**Exercise details**.
Give back the data below word for word. Any image in it should be left out.

**Given data**.
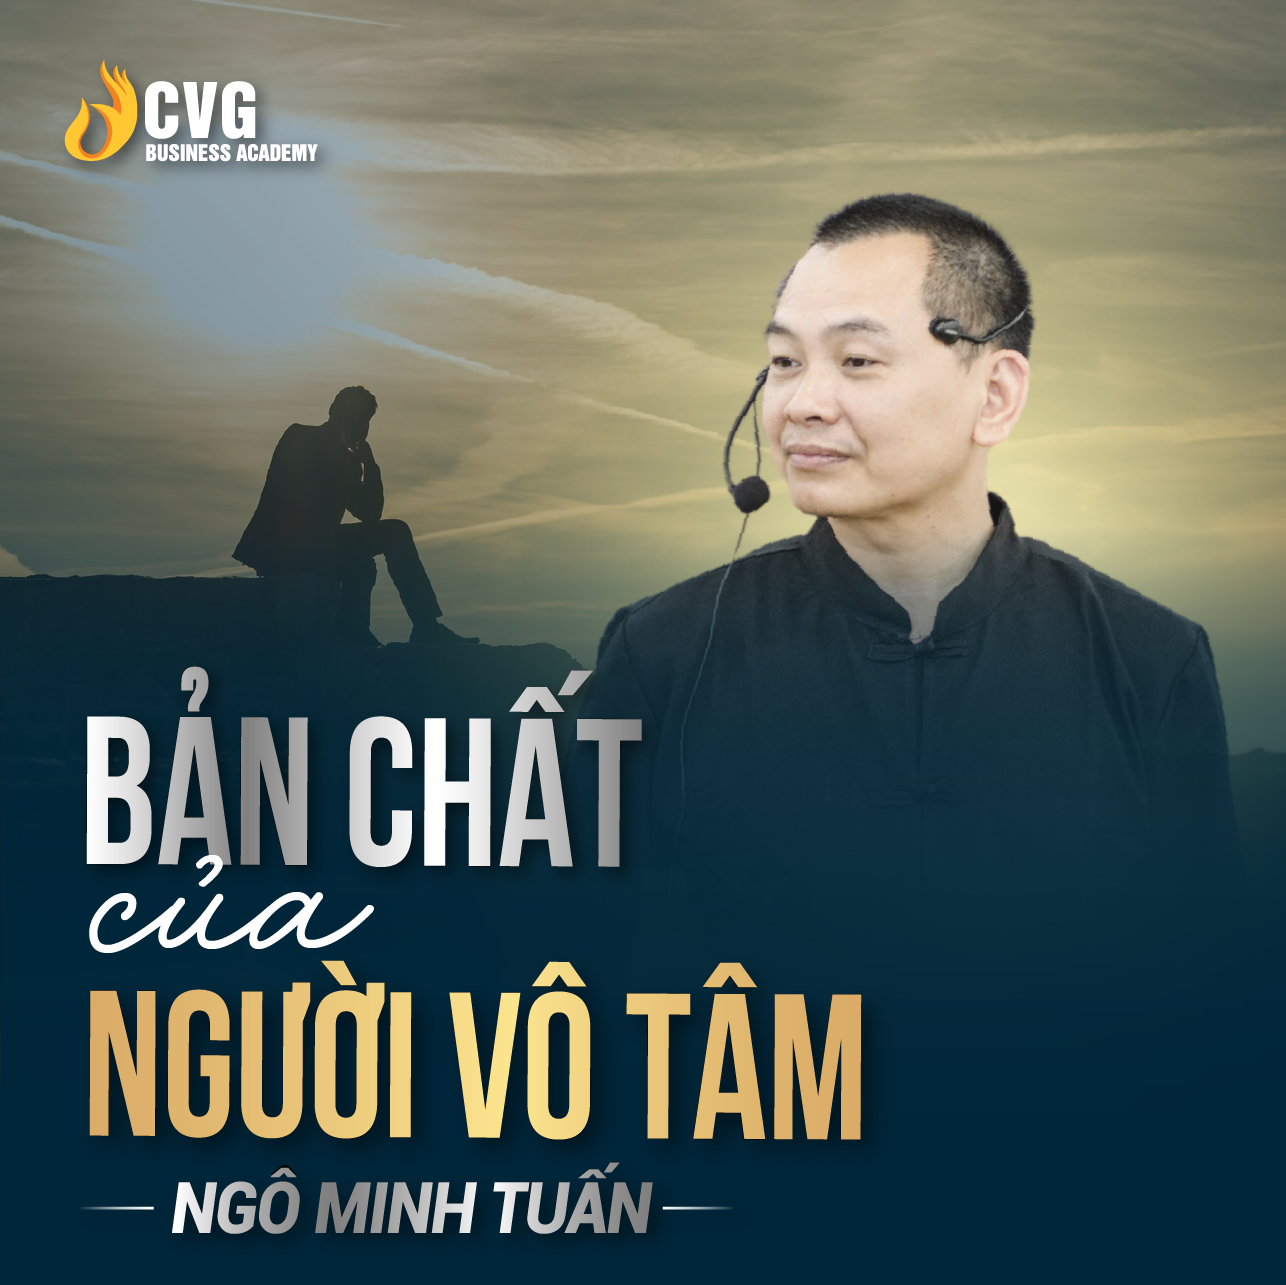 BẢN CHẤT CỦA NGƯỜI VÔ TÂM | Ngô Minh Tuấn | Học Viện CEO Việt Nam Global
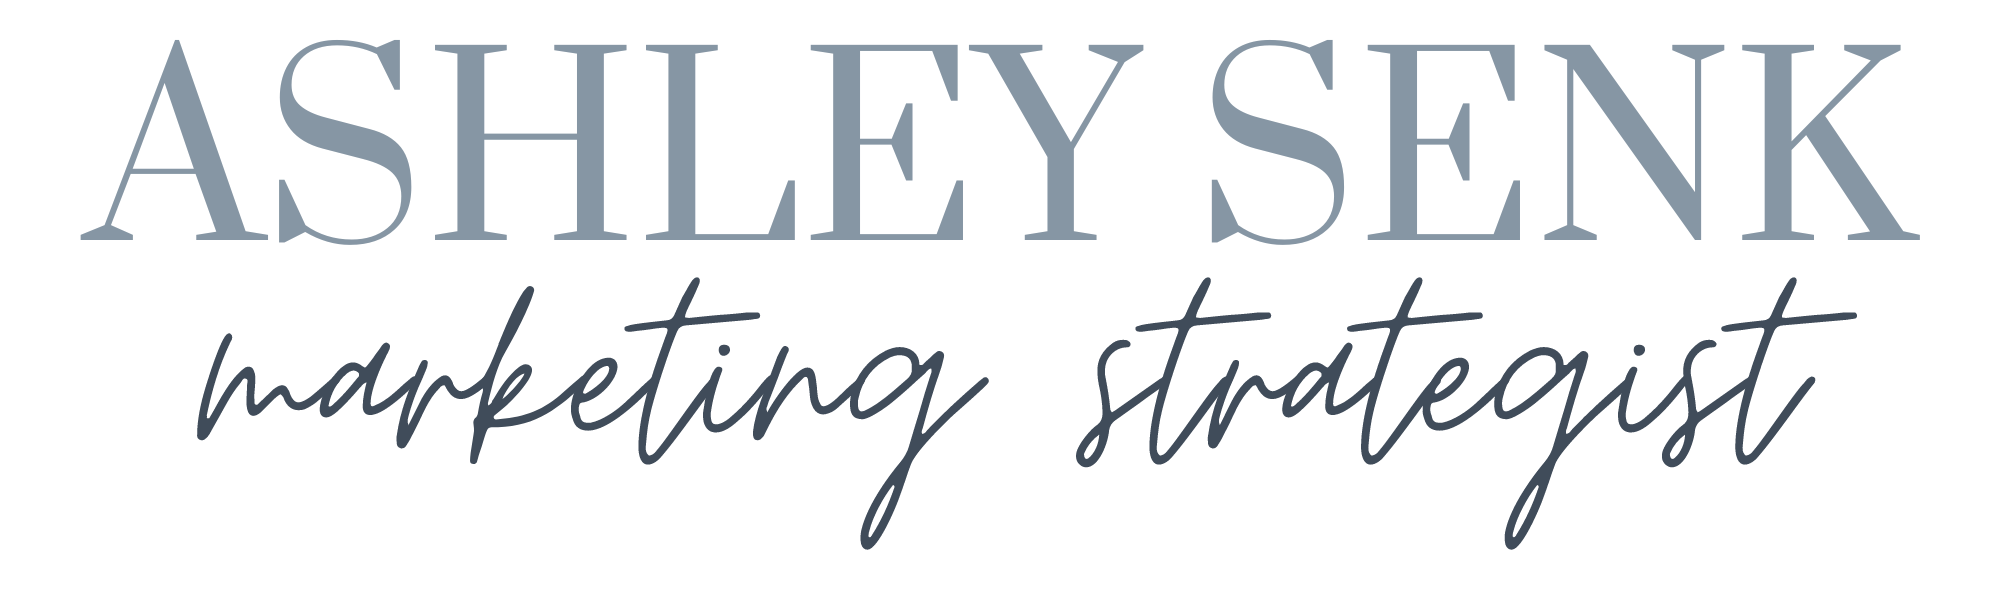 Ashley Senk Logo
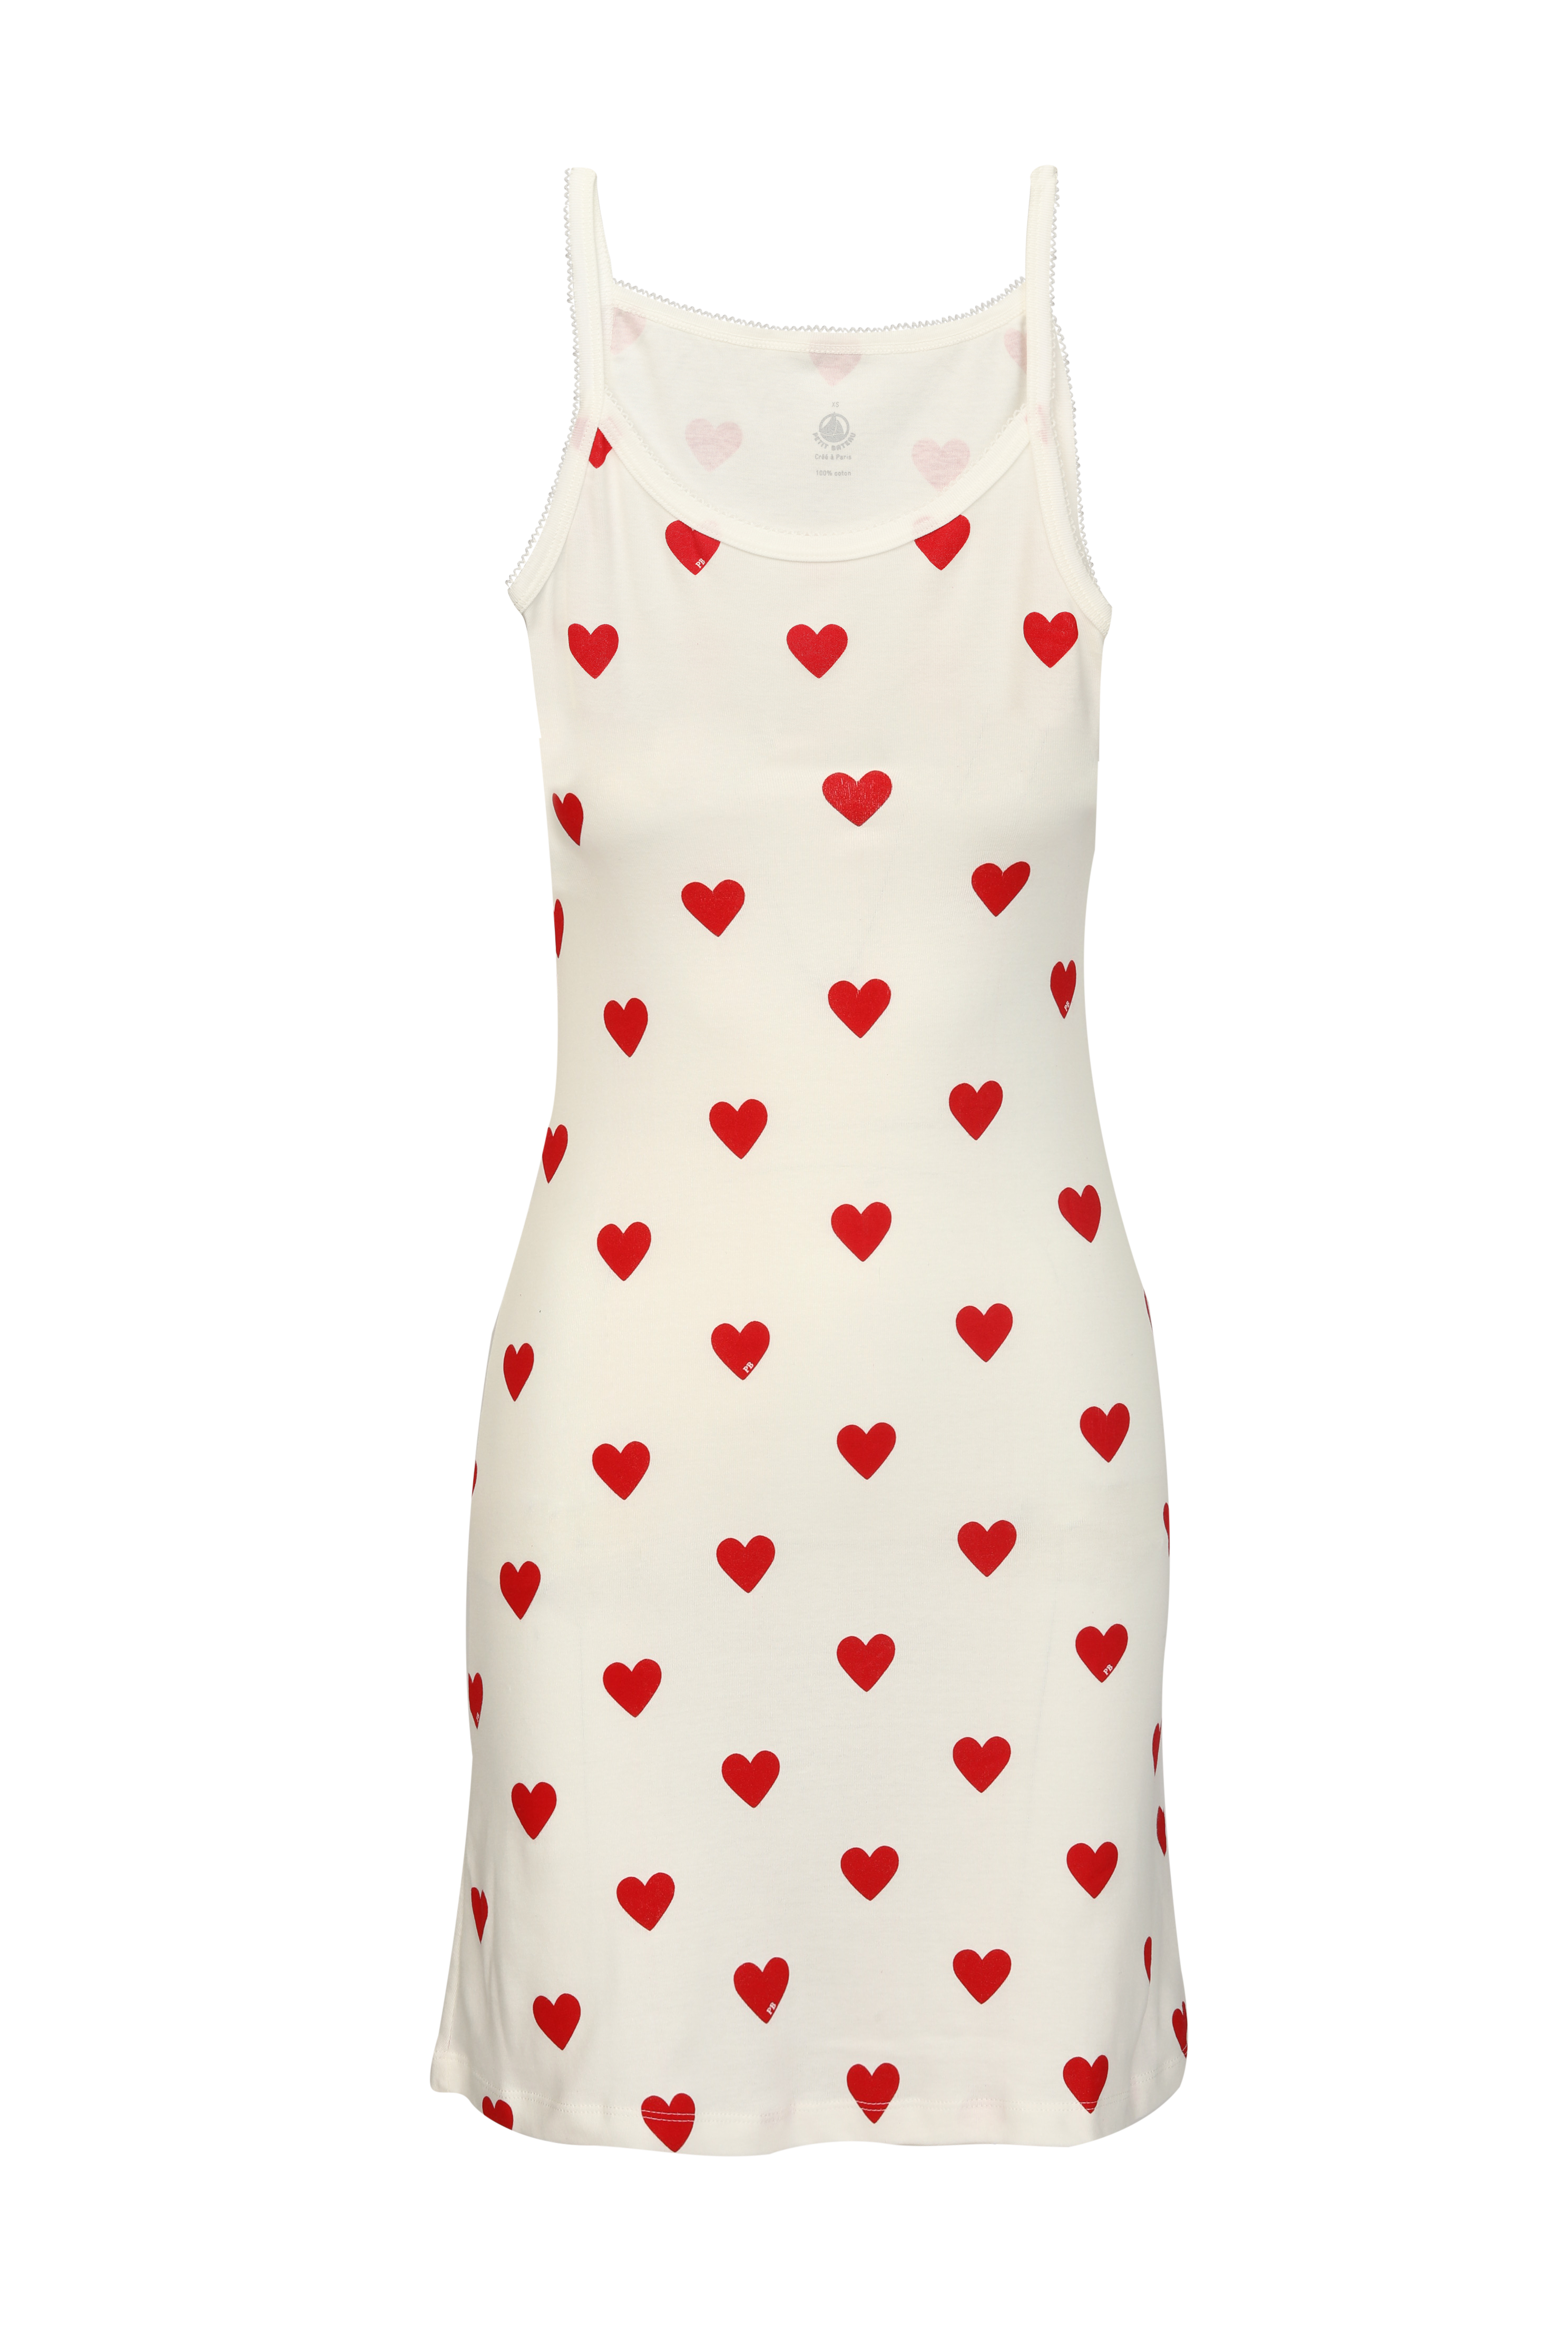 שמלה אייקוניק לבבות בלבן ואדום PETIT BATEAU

**Result**.
 BẢN CHẤT CỦA NGƯỜI VÔ TÂM | Ngô Minh Tuấn | Học Viện CEO Việt Nam Global
 Ashley Senk Logo
 שמלה אייקוניק לבבות בלבן ואדום PETIT BATEAU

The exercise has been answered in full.